The rest of this paper is organized as follows. We first review the related work on SKQ and GPM in Sect. 2. Then we introduce the necessary concepts and formulate the focal problem of this paper in Sect. 3. Section 4 presents our solutions MCOPM, IR-MCOPM, MCPJoin algorithms. We report experimental results in Sect. 5 and conclude in Sect. 6.

2 Related Works

The most related works about spatial pattern matching are spatial keyword query and graph pattern matching. Below we analyze each of them in detail.

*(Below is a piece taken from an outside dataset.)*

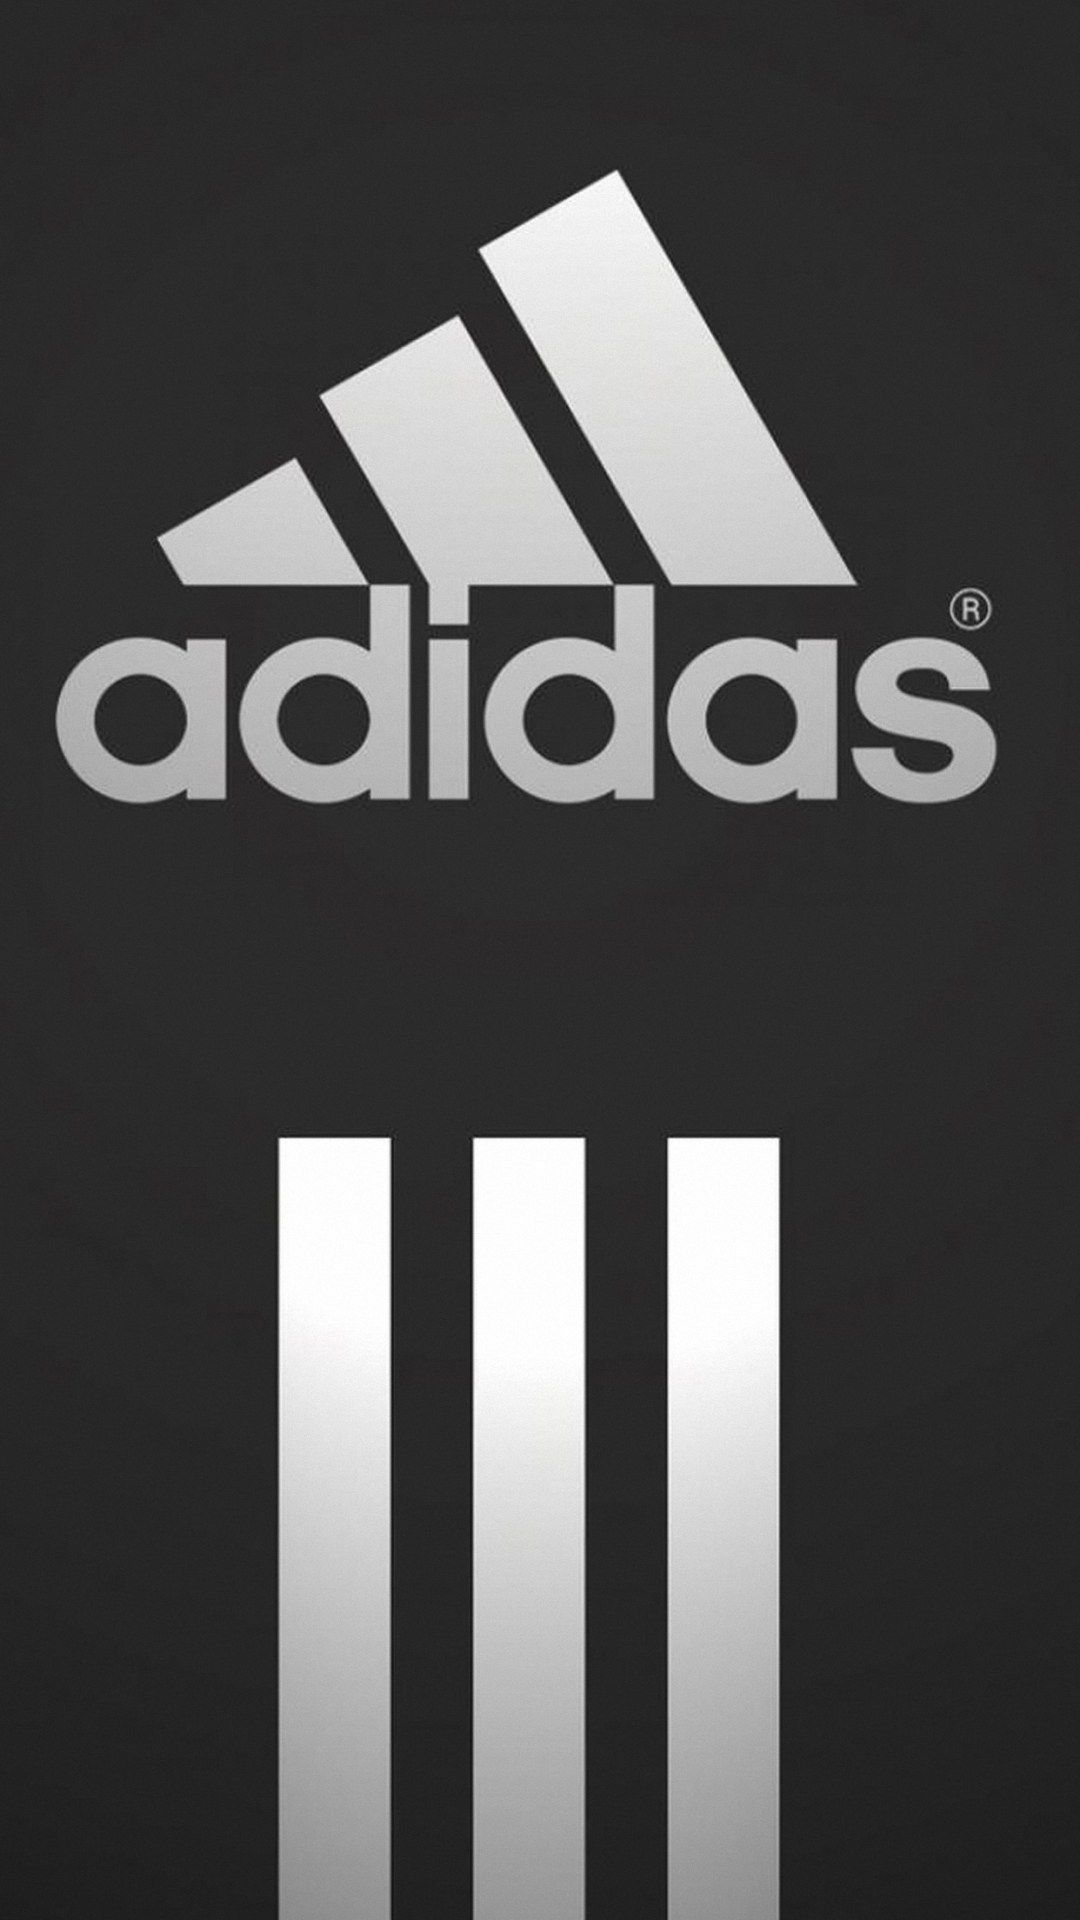 Orange Adidas Logo iPhone Wallpapers on WallpaperDog

2.1 Spatial Keyword Query (SKQ)

In general, researches on SKQ issues can be roughly divided into two types. The first is m-Closest Keywords query [1, 11]. Given spatial data D, the mCK query returns a collection of objects that are spatially close to each other. The objects in the collection satisfy the m keywords specified by the user. [1] proposes an index structure of bR*-tree, and uses distance and keyword constraints to reduce the search space.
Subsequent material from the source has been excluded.